Be that as it may, even the highly successful tapered bearing simulator-viscometer of Mr. Selby has its drawbacks. Chief among these are the following:
1) A hystersis synchronous motor is used, in which rotational speed is proportional to the frequency of the alternating current electrical input. For example, with an alternating current of 60 cycles per second, the motor speed is 3600 rotations per minute (rpm). However, if electrical devices, as for example, a refrigeration compressor, are operated on the same circuit, a change in the the number of cycles per second of the alternating current may occur. This in turn causes the motor speed to fluctuate, which in turn causes torque to fluctuate, which causes the instrument readout related to viscosity to fluctuate inaccurately.
2) The motor is housed in a motor housing which is supported on a turntable assembly in a platform and which rotates within a limited arc; supporting the turntable are eight ball bearings in a circular race. The bearings in this arrangement can drift and/or get dirty, causing the turntable/housing to lean, which in its turn also causes the instrument readout related to viscosity to shift inaccurately.
3) The motor is fed electricity through lead wires. The lead wires, which are external to the motor housing, and may dangle, can tug or pull, thus creating unpredictable drag not related to fluid viscosity, which in turn causes the torque values to shift, which causes the instrument readout related to viscosity to shift inaccurately.
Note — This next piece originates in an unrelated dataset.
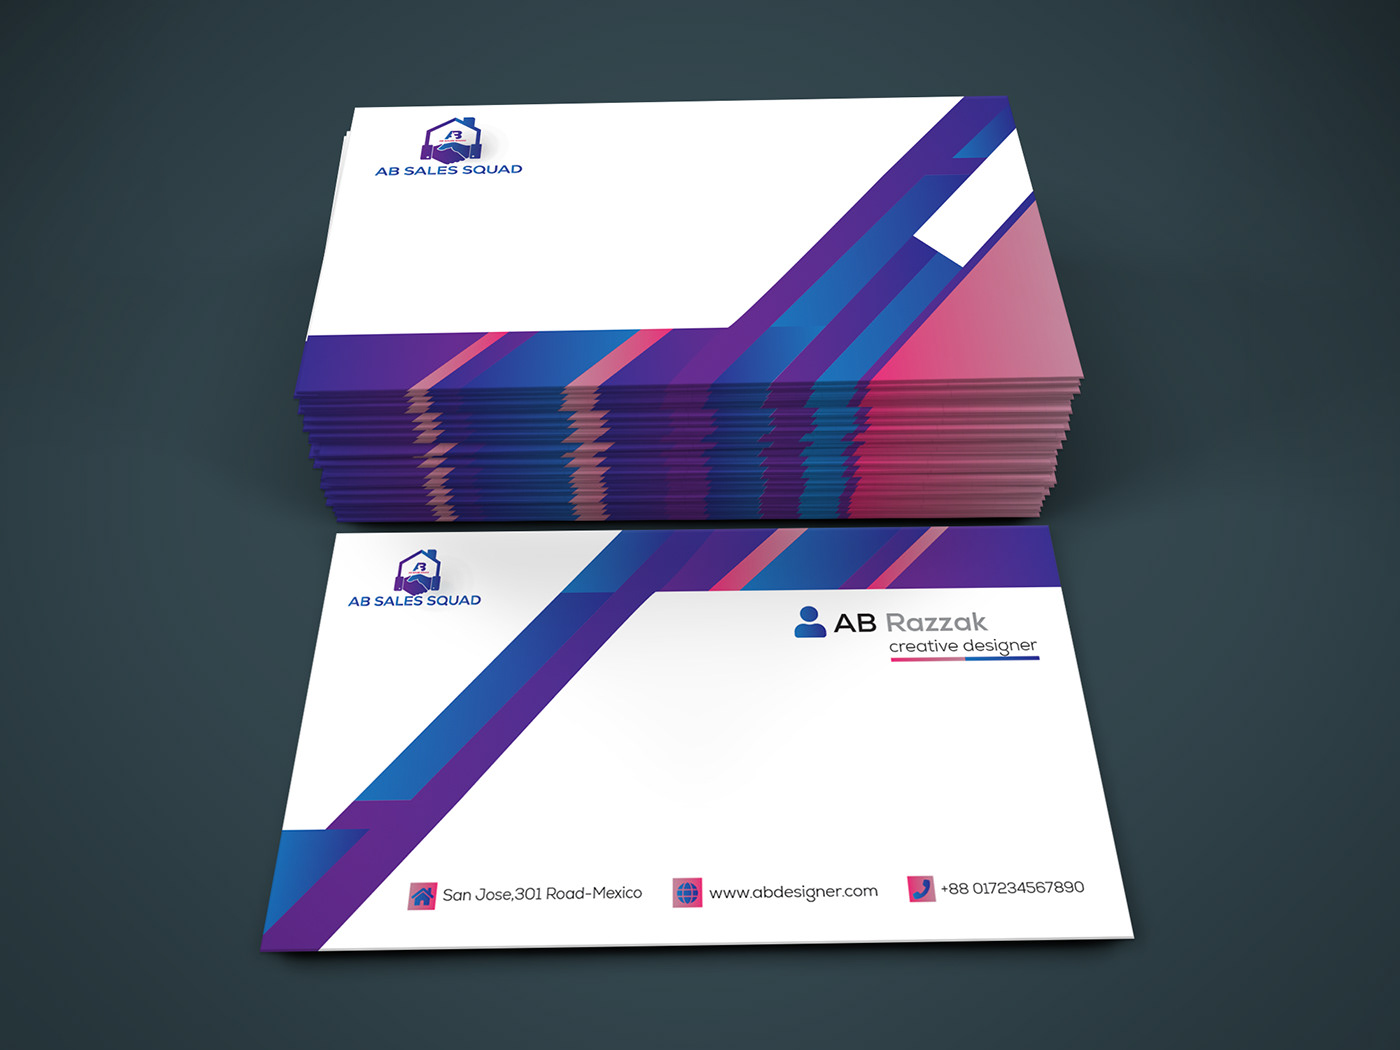 Business card design Corporate Business Card Crative Business card logo Name card pink card simple cbusiness card smart business card template visiting card

4) The motor, rotor and stator assembly is supported on the platform, which is cantilevered from a slide plate as its only support. This arrangement can cause slight alignment problems, which in turn causes the torque and so forth to shift, which causes the instrument readout of viscosity to fluctuate inaccurately.
Although the inaccuracies caused by such arrangements of the Selby tapered bearing simulator-viscometer can be small, greater and greater accuracy and precision is being demanded in the viscometry art. See, e.g., Hydrock, "Automotive Lubricant Test Standards Keep Tightening," Lubricants World, Vol. 4, No. 12, pages 7, 10-11 & 14 (Dec. 1994).
It is desirable, accordingly, to overcome such problems, and be able to provide even more accurate and precise ways and means to measure fluid viscosity.